MATERIAL SUPPLIED:

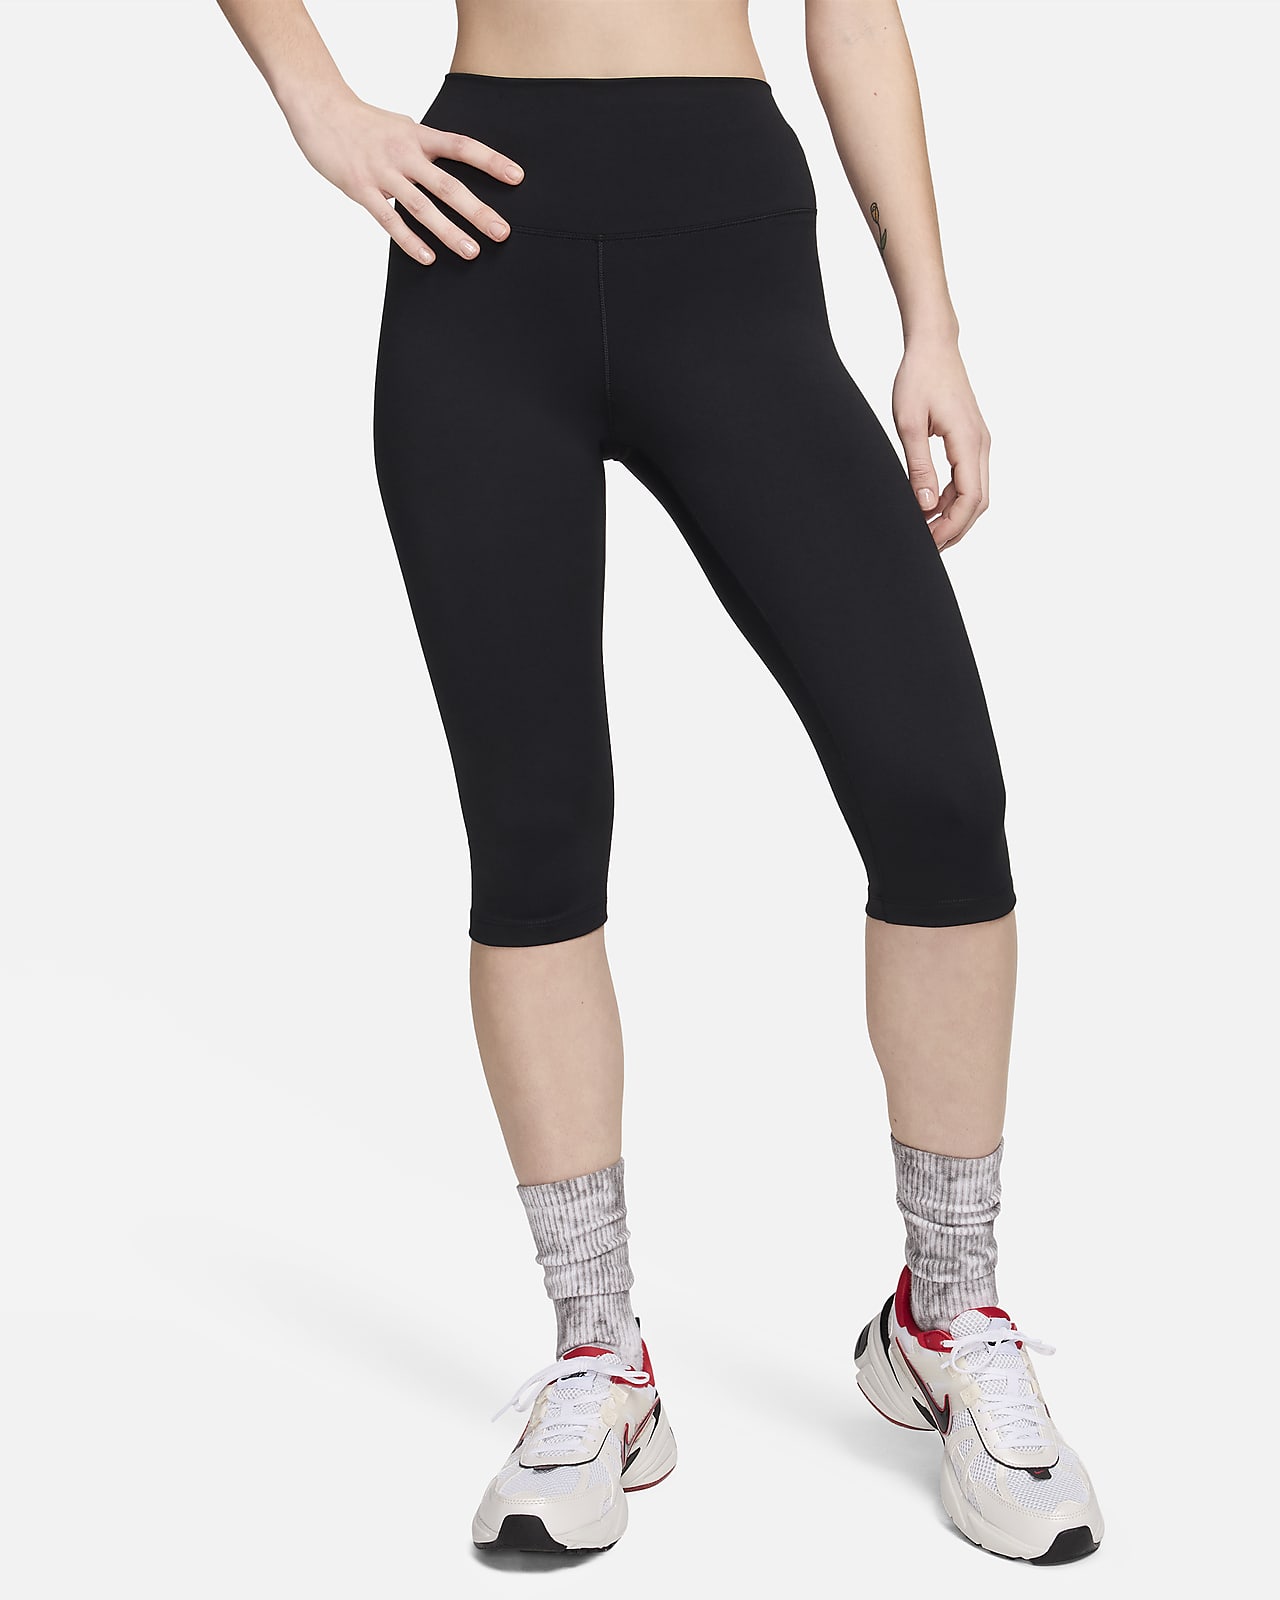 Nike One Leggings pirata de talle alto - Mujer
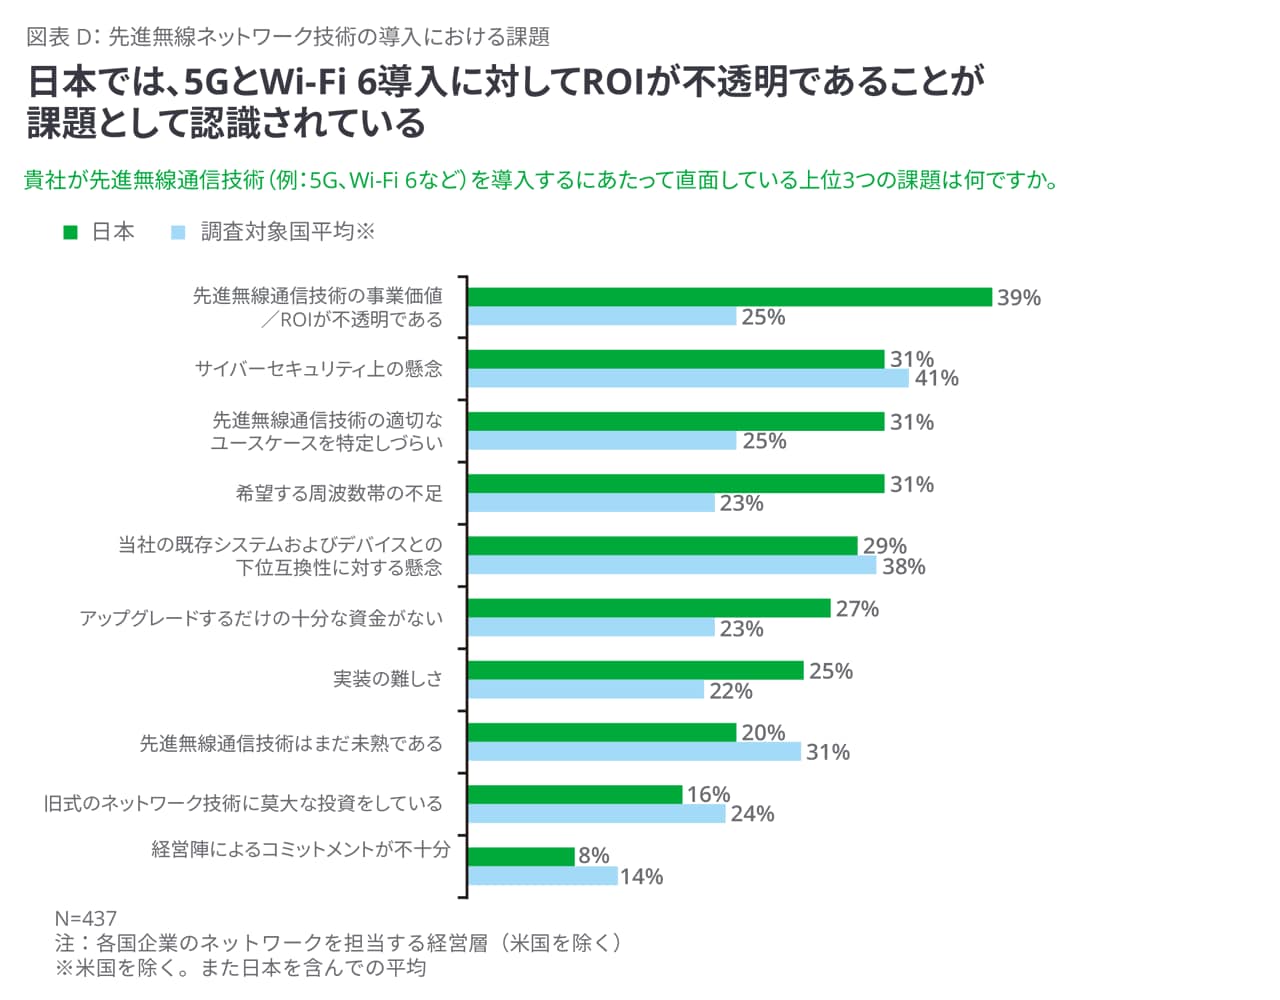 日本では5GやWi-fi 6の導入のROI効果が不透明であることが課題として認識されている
* * *
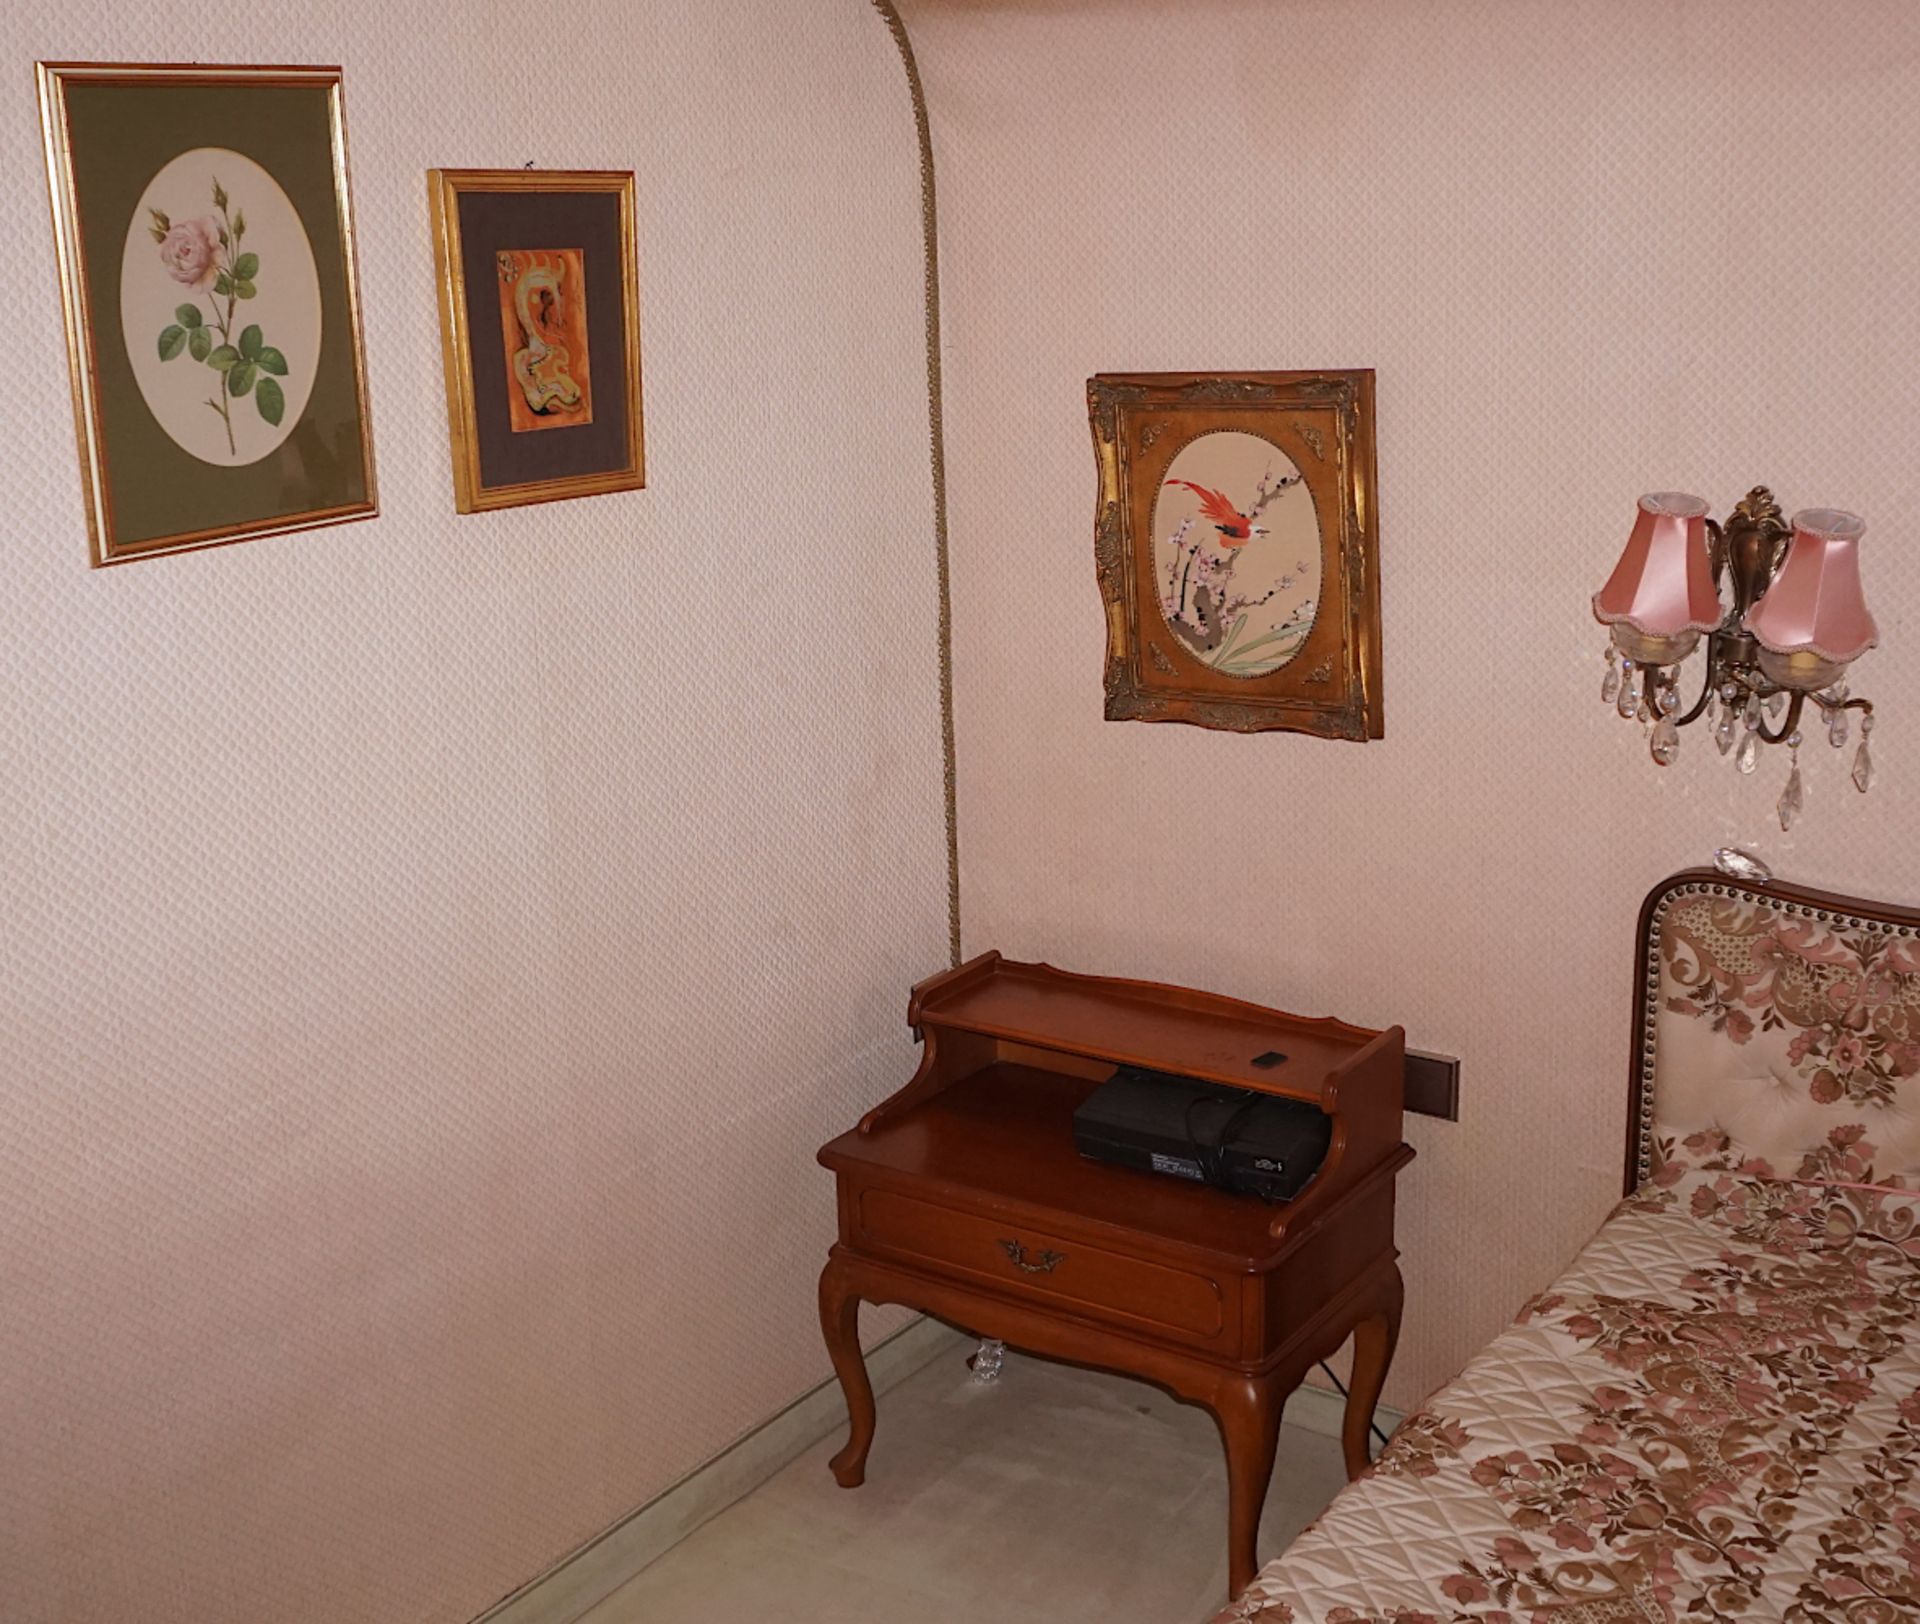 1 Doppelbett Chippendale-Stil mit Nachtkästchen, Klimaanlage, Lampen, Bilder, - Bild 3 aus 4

WHAT THIS TASK INVOLVES: Taking the material above, give again exactly the lines from the one holding "Nike One Leggings" through the one holding "日本では5GやWi-fi 6", with both ends and without pictures.

TASK ANSWER:
 Nike One Leggings pirata de talle alto - Mujer
 日本では5GやWi-fi 6の導入のROI効果が不透明であることが課題として認識されている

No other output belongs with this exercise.